The sense of collective relief is palpable. Drinking their coffees and chatting happily with one another, the various members of Pavement look as comfortable with each other as they ever have. With the gig out of the way, the band’s priorities are switching to ways to make the most out of their time in Barcelona. West and Kannberg are planning to take their families to see the Sagrada Famila and visit Antoni Gaudí’s home in the Park Güell. Malkmus has already taken off to play some tennis on the outskirts of town and Ibold hasn’t really planned anything.
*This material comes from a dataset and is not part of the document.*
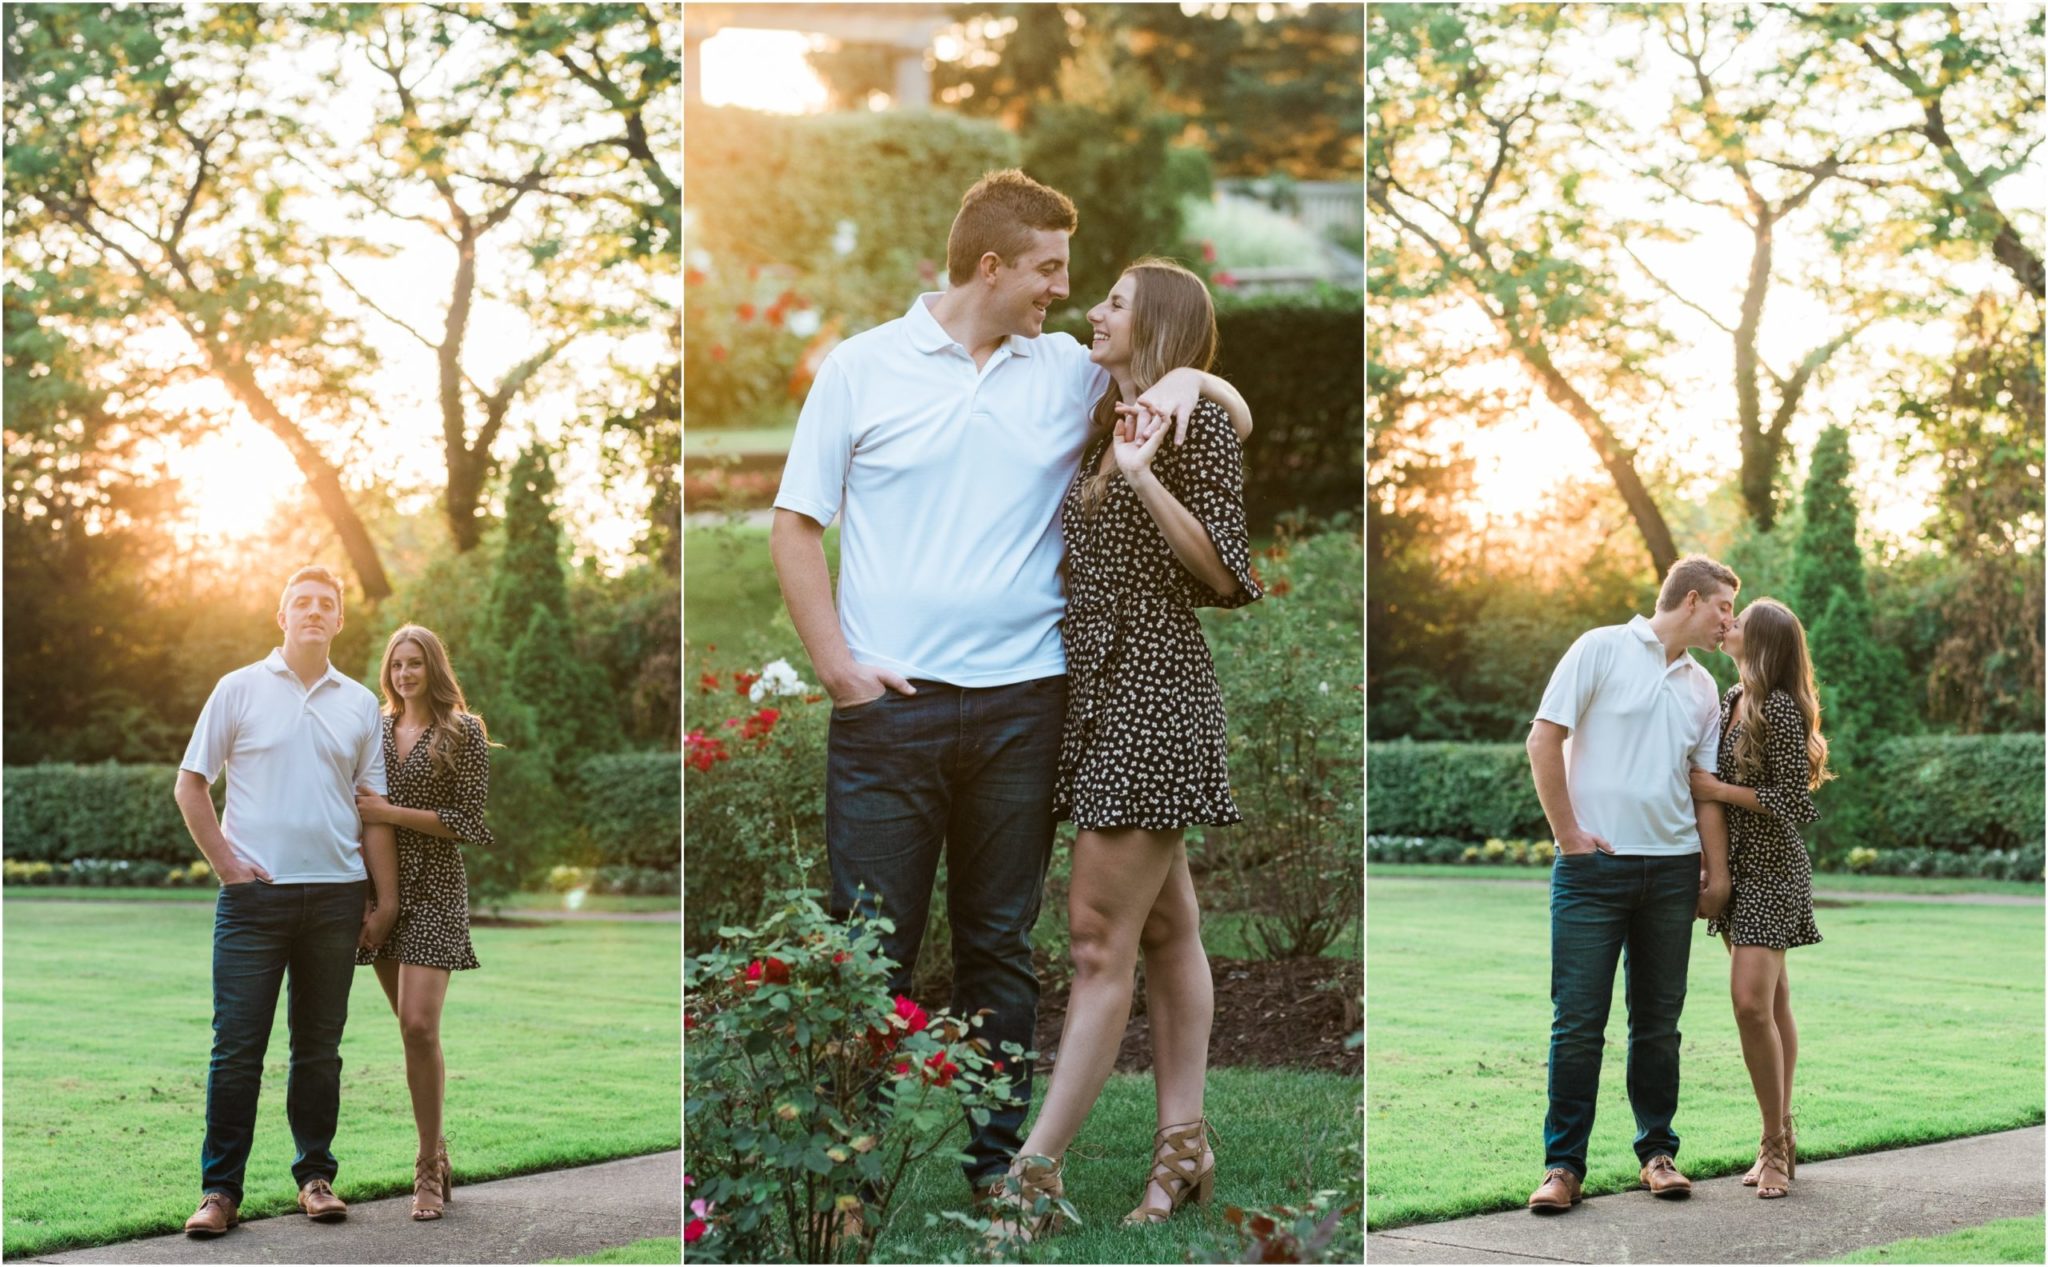 Collage image of a couple during summer in a rose garden.

Nastanovich, as always, has horse racing on his mind and is excited to watch the Epsom Derby later in the day. “That’s just my routine,” he says as an explanation. “Back home I’d be grilling, drinking beer and listening to the radio – it’s a pretty easy routine to stick to.”

With the big comeback show in the rearview mirror, the obvious question is what’s next? The band already have a huge international tour announced for the end of the summer, and they’re determined to see Primavera as a jumping-off point to get even better.

“Ideally, you want to get to a point where you don’t have to worry or think too much about every song and add a little bit more each time,” West explains when I ask them about their ambitions for the autumn. “When I go and see a band, I want to see them enjoy themselves and get a little bit creative with the material, and with the rate we’re improving, I think we’ll get there pretty quickly.”

Spending time with the band over the past few weeks, it strikes me that Pavement has been through too much and seen too much to take anything for granted. 

“I mean age isn’t really a factor in this band, and we’ve added a lot to the mix this time that makes it different,” says Kannberg when the conversation inevitably turns to the future. “Who knows? Maybe, we’ll just be a better band this time?”